In principle you would integrate over the area, but by symmetry and the linear dependence of the torque on the vertical distance from the rail it comes to be the same as taking the force as acting at the rod axis.
One thing bothers me… once the rod is rolling, are there other effects to consider? Wouldn't that movement generate an emf? (I'm ok on mechanics, but no expert on electricity and magnetism.)

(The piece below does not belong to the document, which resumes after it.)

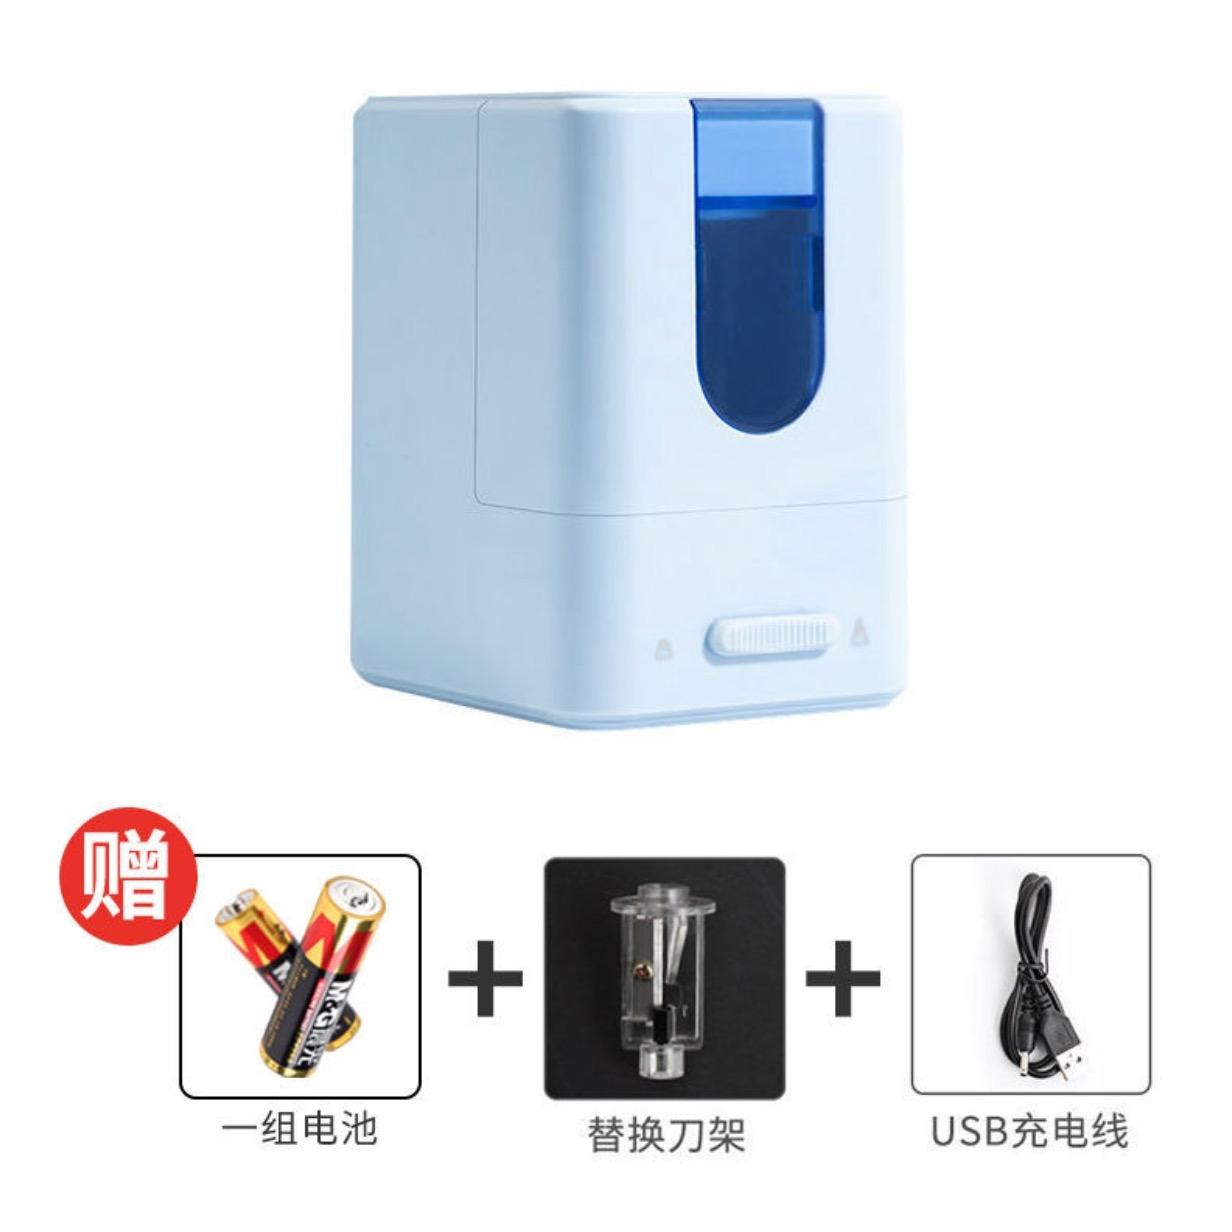 M&G 晨光 APS906A5 电动削笔机 蓝色 送电池+刀架+充电线

I see my error. The moment of inertia should be taken about the contact point. We can use the parallel axis theorem for that. That does yield the right answer. On your question about the emf generated by the moving rod, my feeling is that unless retardation is significant in this case, the current cannot experience its own field. At least, that was true for electrostatics. I’m not sure if that still applies for magnetism.

 

[renormalize]

On your question about the emf generated by the moving rod, my feeling is that unless retardation is significant in this case, the current cannot experience its own field. At least, that was true for electrostatics. I’m not sure if that still applies for magnetism.

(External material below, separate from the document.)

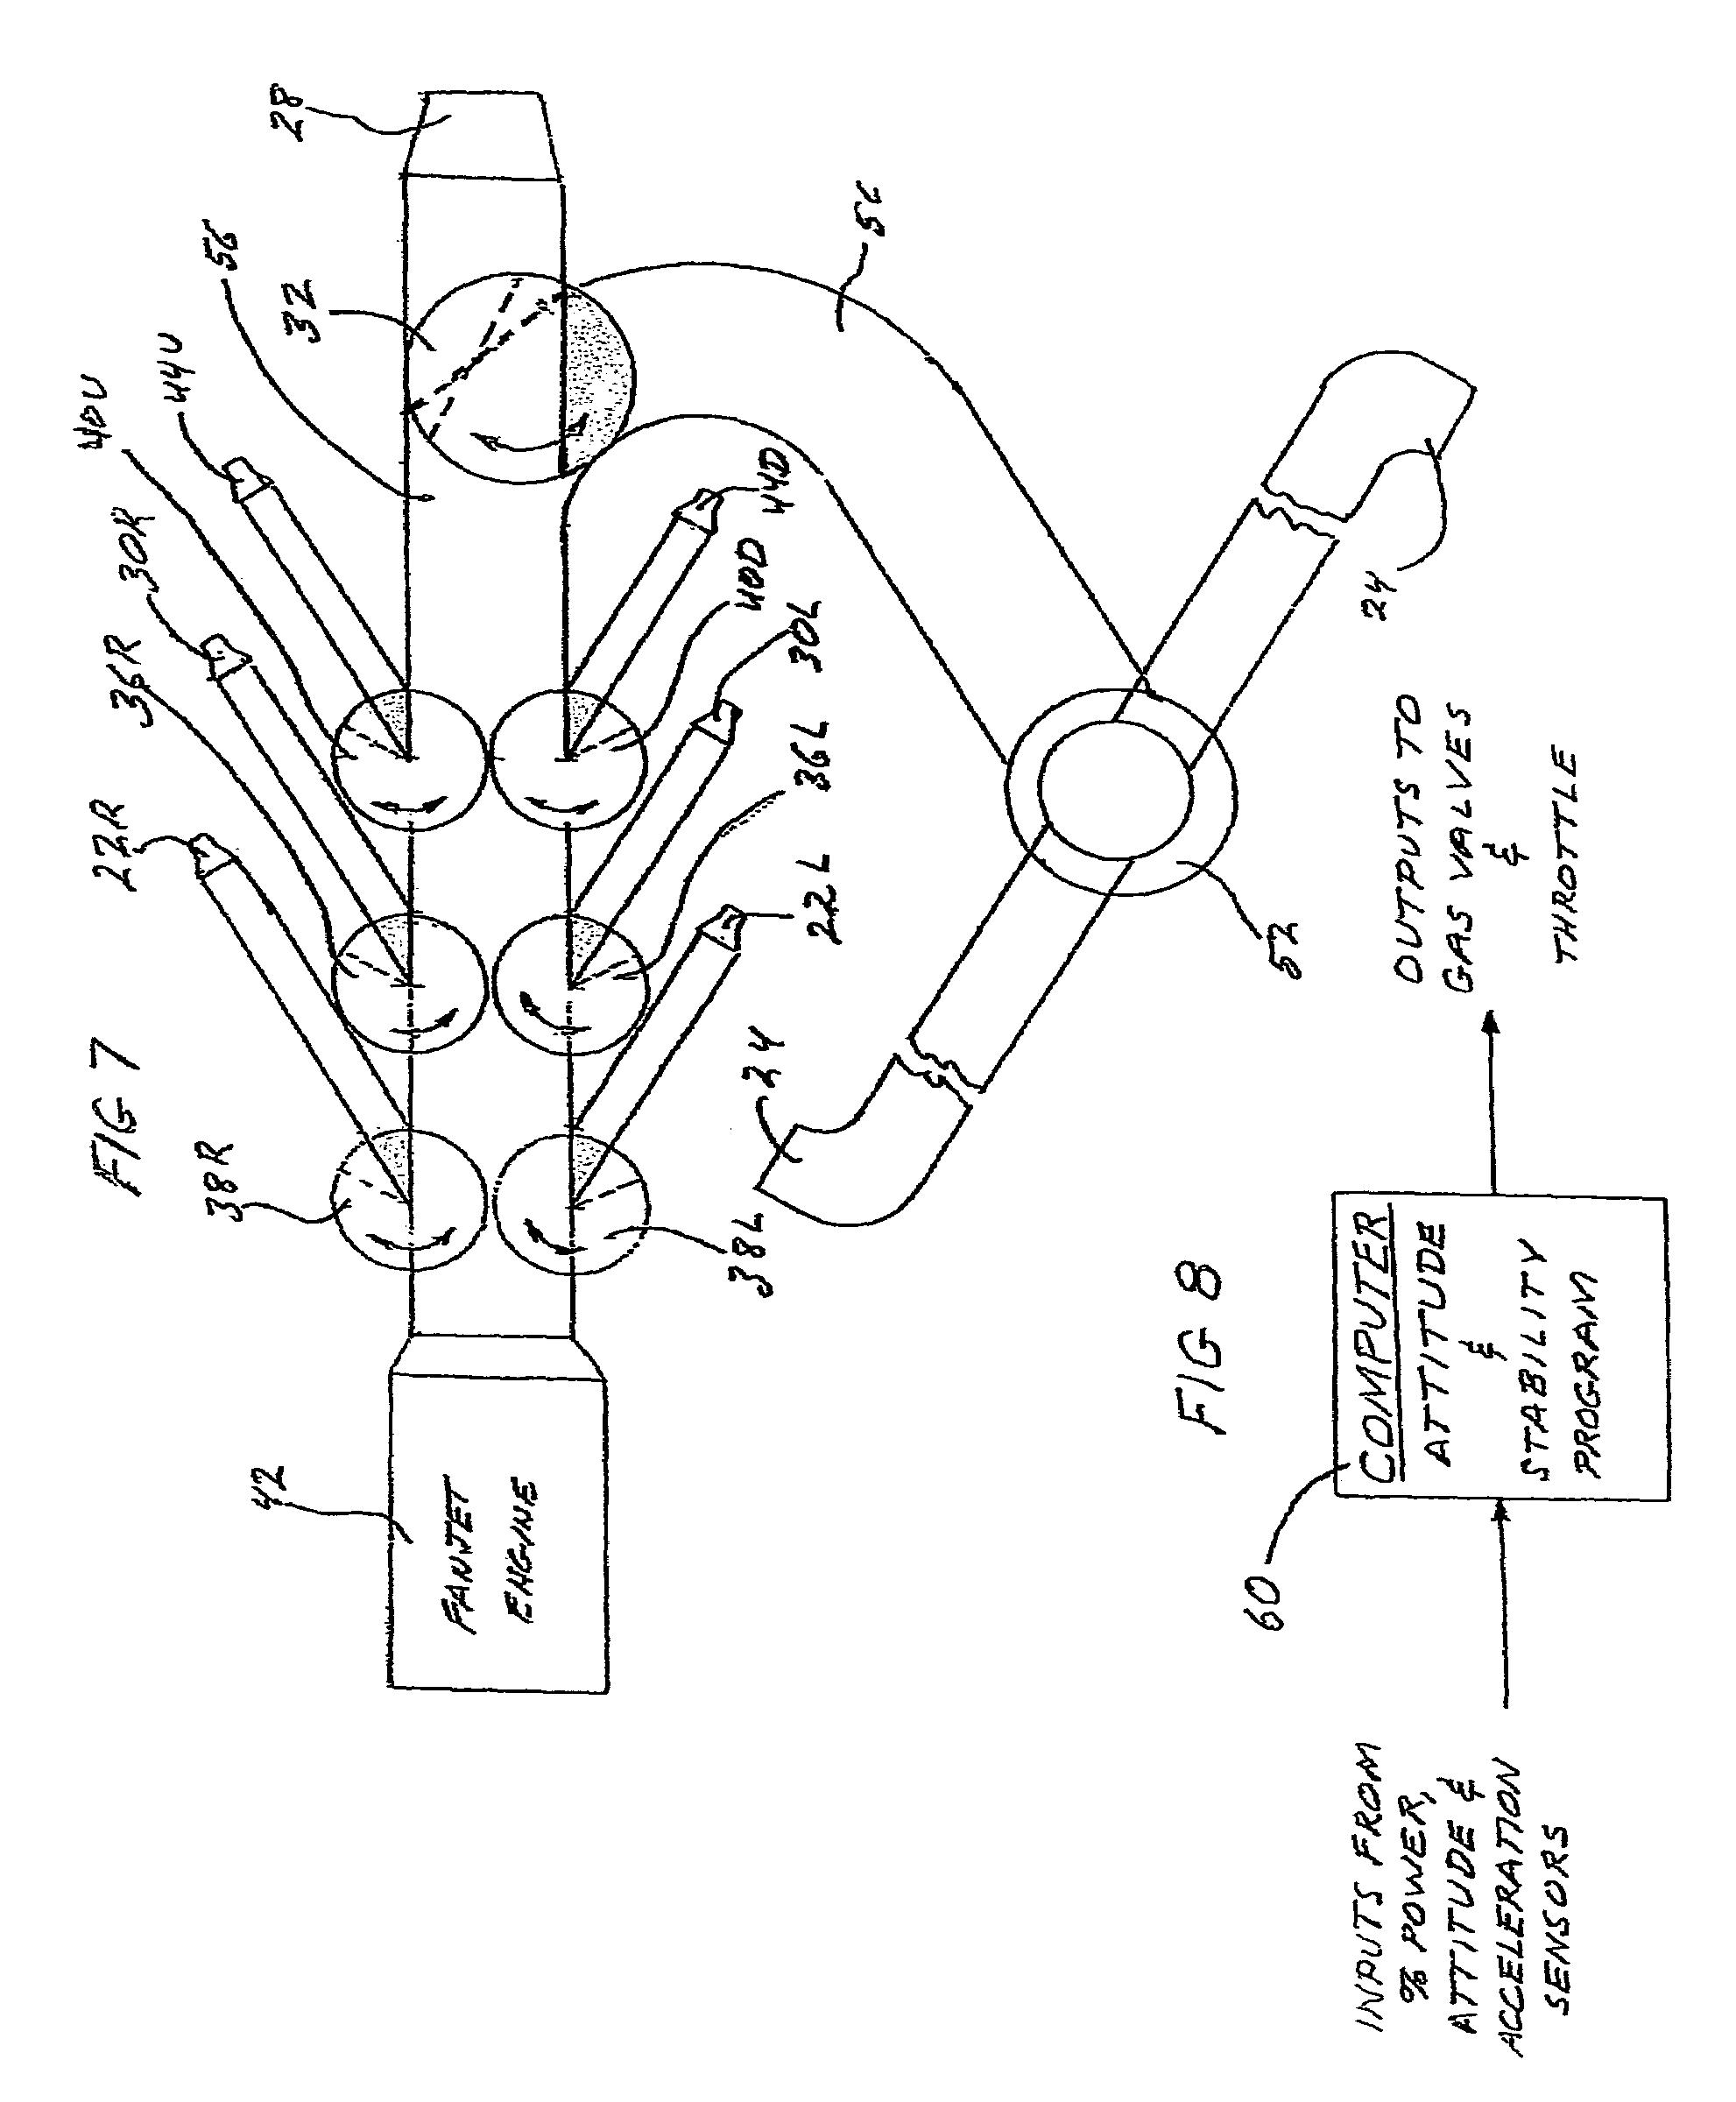 Ac wiring diagram symbols electrical wiring diagram moreover land rover freelander 2 moreover my robot can

No, your reasoning is not correct. Even with no imposed external current, a conductive rod rolling down a incline is slowed when it enters a perpendicular magnetic field due to induced eddy currents: https://sites.google.com/nd.edu/ndp...netic-induction/lenzs-law-and-the-rolling-rod. In your problem with the external current flowing, the induced eddy currents will still oppose the rod motion, thereby reducing its speed from what you calculated.

 

[domephilis]

No, your reasoning is not correct. Even with no imposed external current, a conductive rod rolling down a incline is slowed when it enters a perpendicular magnetic field due to induced eddy currents: https://sites.google.com/nd.edu/ndp...netic-induction/lenzs-law-and-the-rolling-rod. In your problem with the external current flowing, the induced eddy currents will still oppose the rod motion, thereby reducing its speed from what you calculated.

I see. I didn’t quite get to Lenz’s Law yet. Although I have seen some demonstrations on YouTube to that effect. I had this confusion because in electric fields a charge cannot move on their own (i.e. experience their own field). I thought it might carry over to magnetism. Perhaps this will be a bit clearer to me when I read the next chapter.

 

[renormalize]

I had this confusion because in electric fields a charge cannot move on their own (i.e. experience their own field). I thought it might carry over to magnetism.

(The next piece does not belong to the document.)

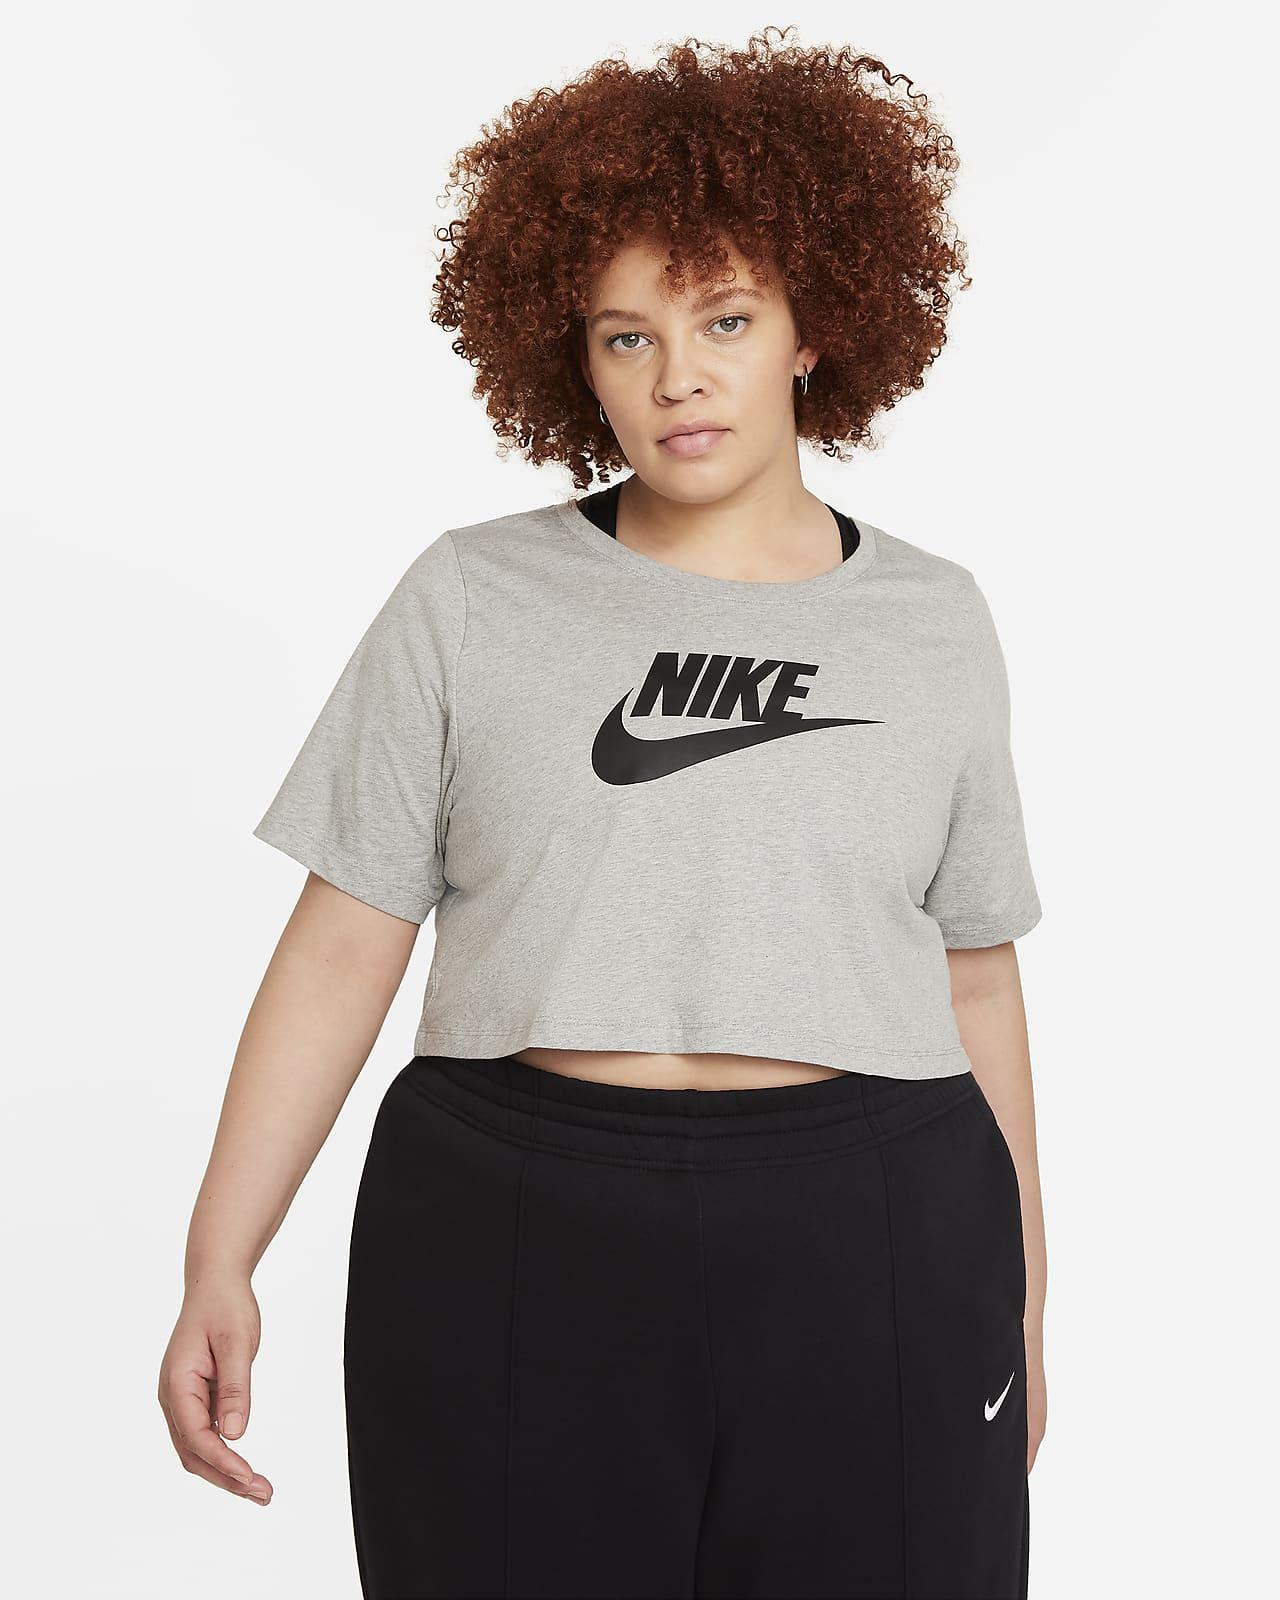 Playera para mujer (talla grande) Nike Sportswear

The free charges in the rolling conductor are not "experiencing their own field". Because they translate at the speed $v$ in a direction perpendicular to the magnetic field $B$, they experience a Lorentz force proportional to $v\,B$ along the direction of the rod. If the support rails are shorted together somewhere to form a complete a circuit, this electromotive force causes the charges to continuously flow as an "eddy current" $I_e$. In turn, that current flowing in the length-$l$ rod as it moves through the magnetic field generates a drag force $I_e\,l\,B$ on the rod, thus slowing it down. Note that this drag current and opposing force are present even in the case where the rails are "shorted together" through a battery which is supplying its own current to accelerate the rod forward; i.e., the eddy-current opposes the battery-current.

 

[domephilis]

The free charges in the rolling conductor are not "experiencing their own field". Because they translate at the speed $v$ in a direction perpendicular to the magnetic field $B$, they experience a Lorentz force proportional to $v\,B$ along the direction of the rod. If the support rails are shorted together somewhere to form a complete a circuit, this electromotive force causes the charges to continuously flow as an "eddy current" $I_e$. In turn, that current flowing in the length-$l$ rod as it moves through the magnetic field generates a drag force $I_e\,l\,B$ on the rod, thus slowing it down. Note that this drag current and opposing force are present even in the case where the rails are "shorted together" through a battery which is supplying its own current to accelerate the rod forward; i.e., the eddy-current opposes the battery-current.

Thank you very much for the explanation. It helps a lot.